Het vooruitzicht om in een op vele draden aangesloten hangmat ingesnoerd een geluidsmassage te ondergaan, is na deze agressiviteit ineens een stuk minder aantrekkelijk. De vriendelijke glimlach van de assistente doet echter goed en enigszins gerustgesteld laat ik me neerleggen. De aangenaam zachte ‘elektroden’ worden aangebracht en het ‘concert’ van Lynn Pook en Julien Clauss kan beginnen. Verdoofd door een koptelefoon hoor ik heel in de verte enkele hoge tonen, maar onmiddellijk blijkt dat ik ze eerder voel dan hoor. Een massage van subtiele trillingen begint, waarin mijn lichaam licht pulserend tot tintelen wordt gebracht. Eigenlijk duurt het veel te kort en had het best intenser gemoogd.

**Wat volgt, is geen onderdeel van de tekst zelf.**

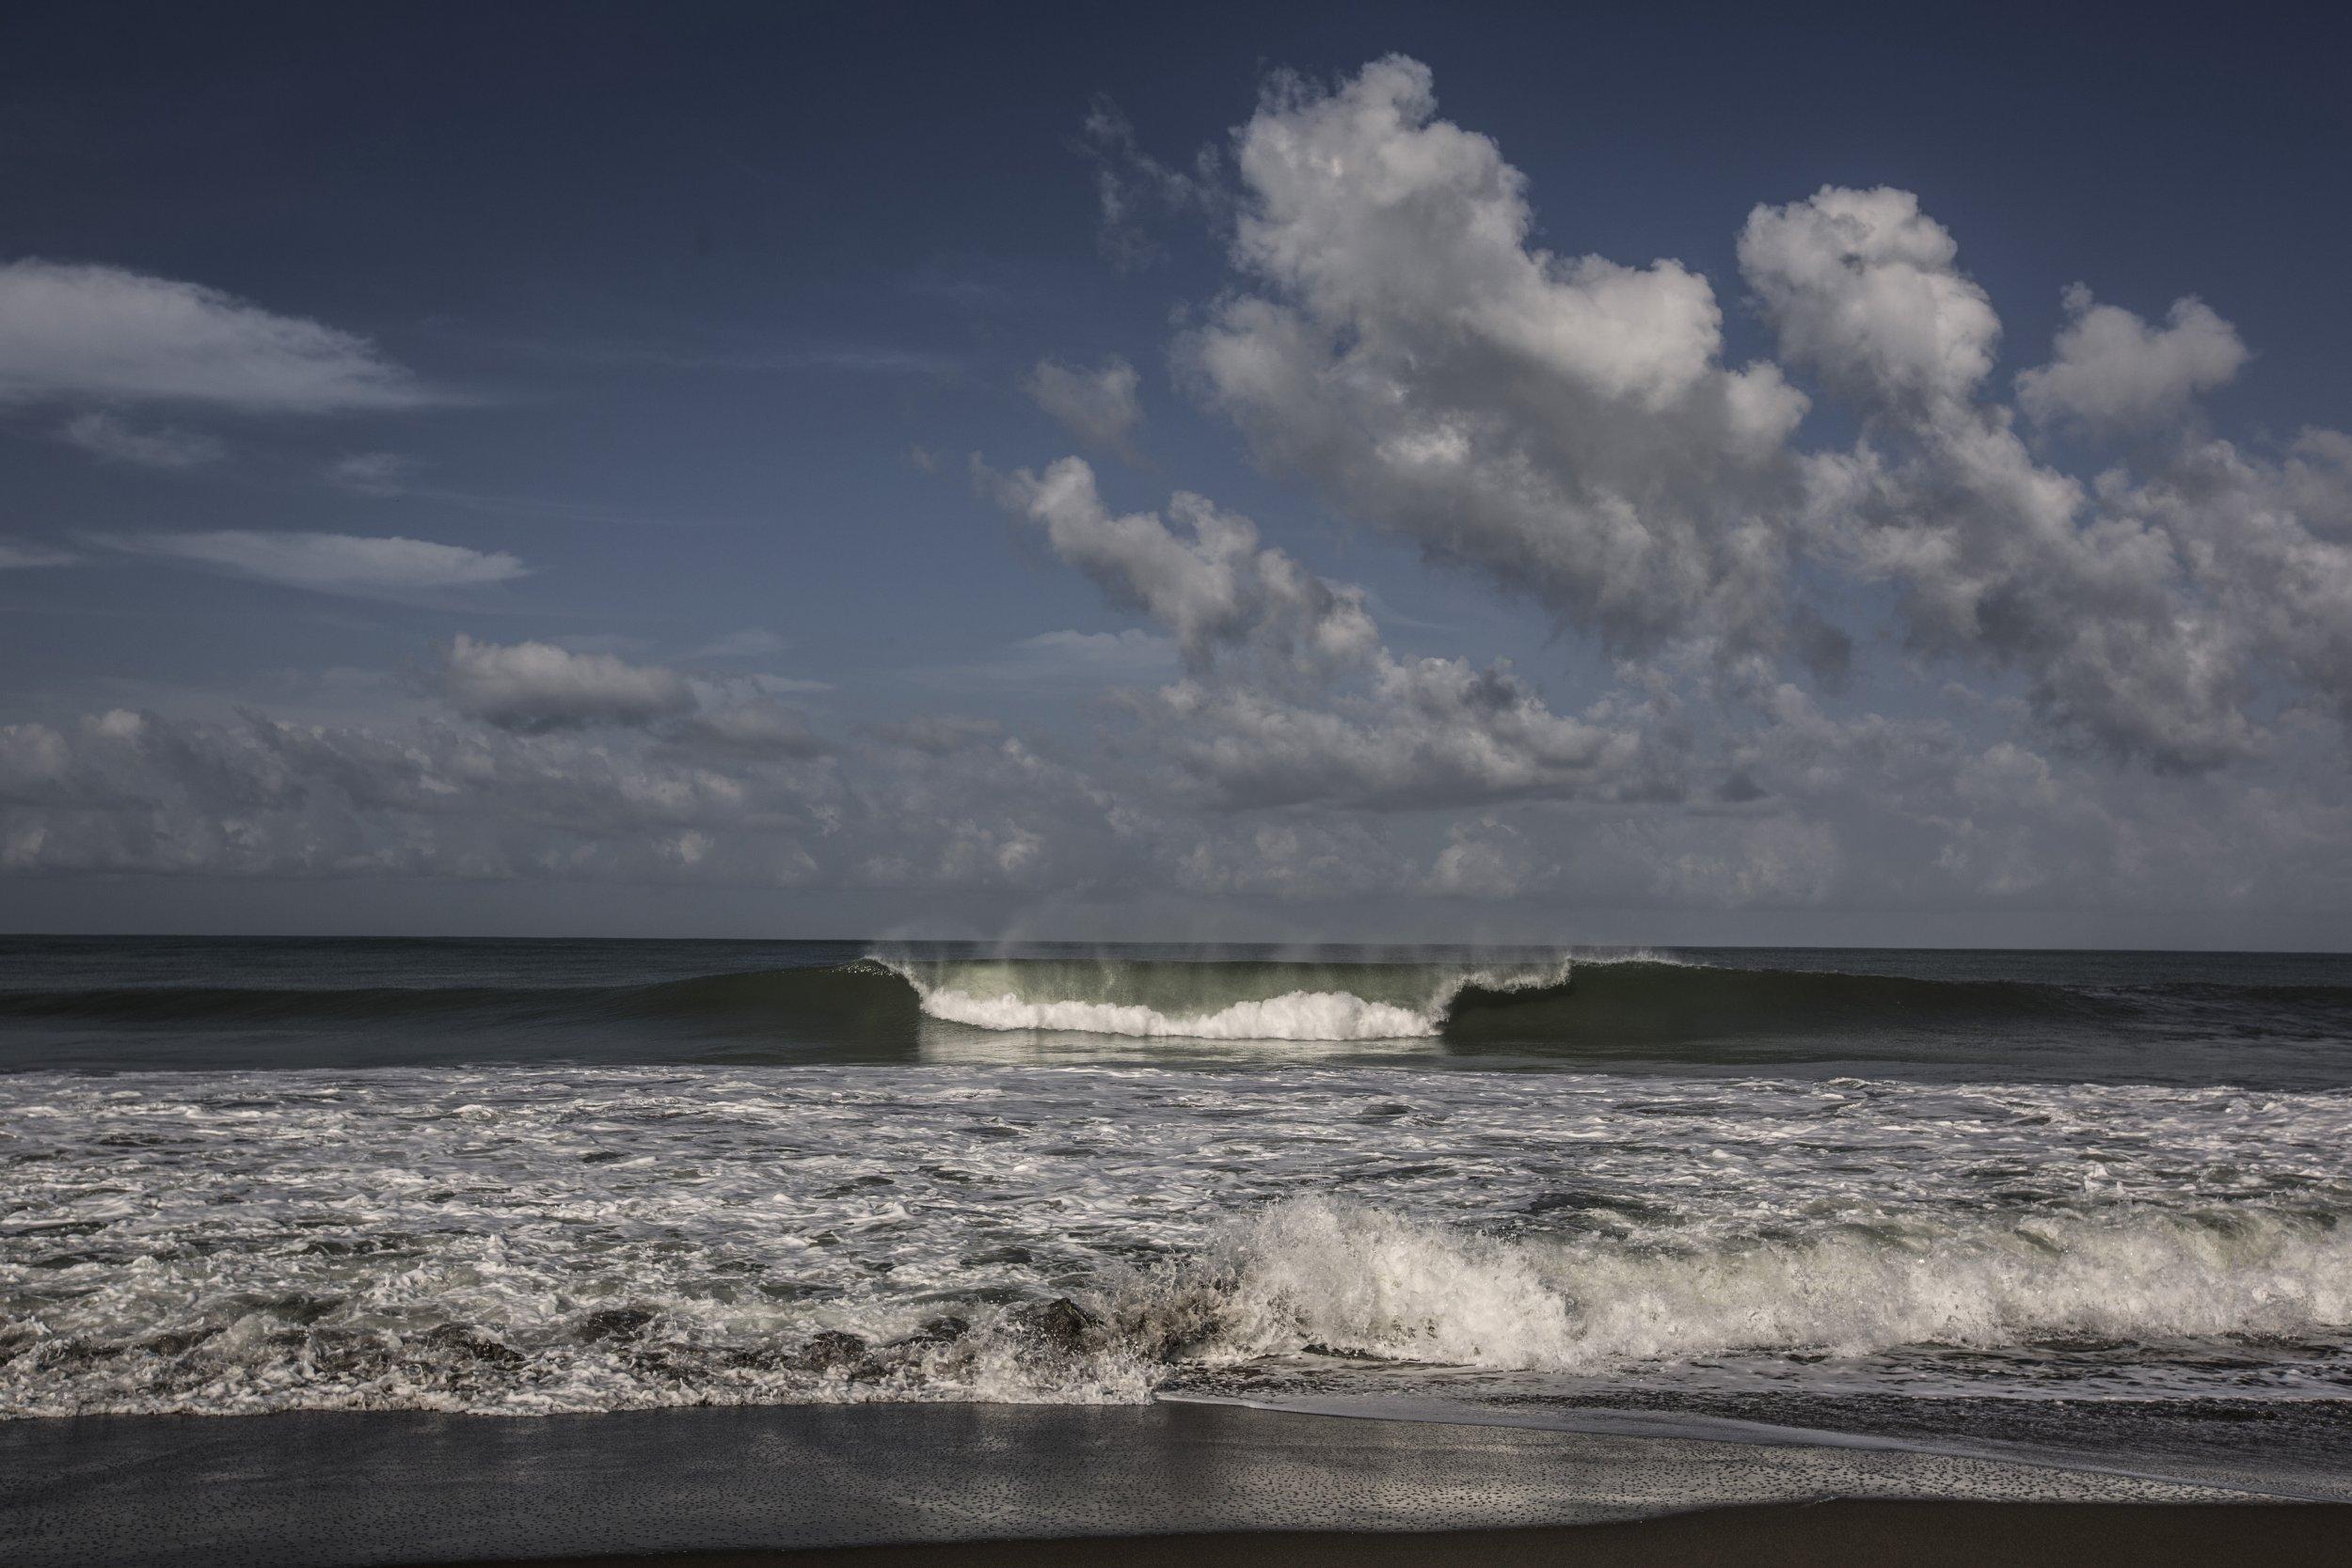 Photos: 10 Years After Indian Ocean Tsunami, the Coast ... Indian Ocean Tsunami Wave

Nog lichtjes tintelend sta ik op. Het zou mij niets verbazen als dit de gekuiste versie is en dat de kunstenaars zelf dit genot liever naakt ondergaan. Het geeft wel te denken. Voor doven wordt vergelijkbare therapie wel gebruikt, maar hoe voelt een stuk van Beethoven eigenlijk? Of het sentiment van Jeff Buckley?
Even later trekt het concert van Biosphere, de Noorse Geir Jenssen, een afgeladen volle Lutherse Kerk. Bij een ambient field recordings concert had ik gelijk associaties met Rautavaara of musique concrète, maar als TodaysArt mij deze dag iets leerde is het wel alle verwachtingen af te zweren. Misschien is dat wat festivaldirecteur Olof van Winden bedoelde met een open vizier houden. De bronstige, norse elektronica rolt uit de speakers de kerk door en vult de ruimte. In hun monotone gelaagdheid is dit misschien nog wel het meest muzikale van de dag. Vooral de korte incidenten van pianoakkoorden zijn zeer welkom. Hoewel ze in hun gedempte hoedanigheid slechts schetsmatig blijven , tussen de rest van het klankgeweld klinken deze intermezzo’s etherischer dan ooit. Na enige tijd zorgen de rollende tonen voor een meditatieve staat. Om mij heen lijkt men dit te verwarren met slaap, gezien de vele hangende hoofden. Het is duidelijk dat de nacht vordert, want enkele bezoekers lijken een ondoordringbare muur van alcohol of andere middelen te hebben opgeworpen. Dat leidt tot egocentrisme waar de ervaring onder leidt. Het wordt duidelijk tijd een eind te maken aan mijn bezoek.
TodaysArt zal nog tot diep in de ochtend doorknallen met concerten, feesten en clubdeejays, maar dat is niet meer aan mij besteed. Waarschijnlijk zal na alle conceptuele vermoeienis daar conventionelere muziek een substantiële rol spelen. Voor mij was deze dag van onderdompeling meer beperkt tot experimentele uitwassen. Of Olof van Winden gelijk heeft dat TodaysArt de laboratoriumfase voorbij is, vraag ik me af. Het grote publiek zal voorlopig voor het gros van de acts waarschijnlijk nog niet warmlopen. Juist in de relatief veilige setting van het festival is het open vizier mogelijk. In de dagelijkse wereld zal de sociaal bepaalde reflex gemiddeld sterker zijn. TodaysArt geeft ruim voldoende mogelijkheden voor langdurige contemplatie in die wereld. Voor wie bereid is alle verwachtingen te laten varen, is TodaysArt en uitzonderlijke belevenis.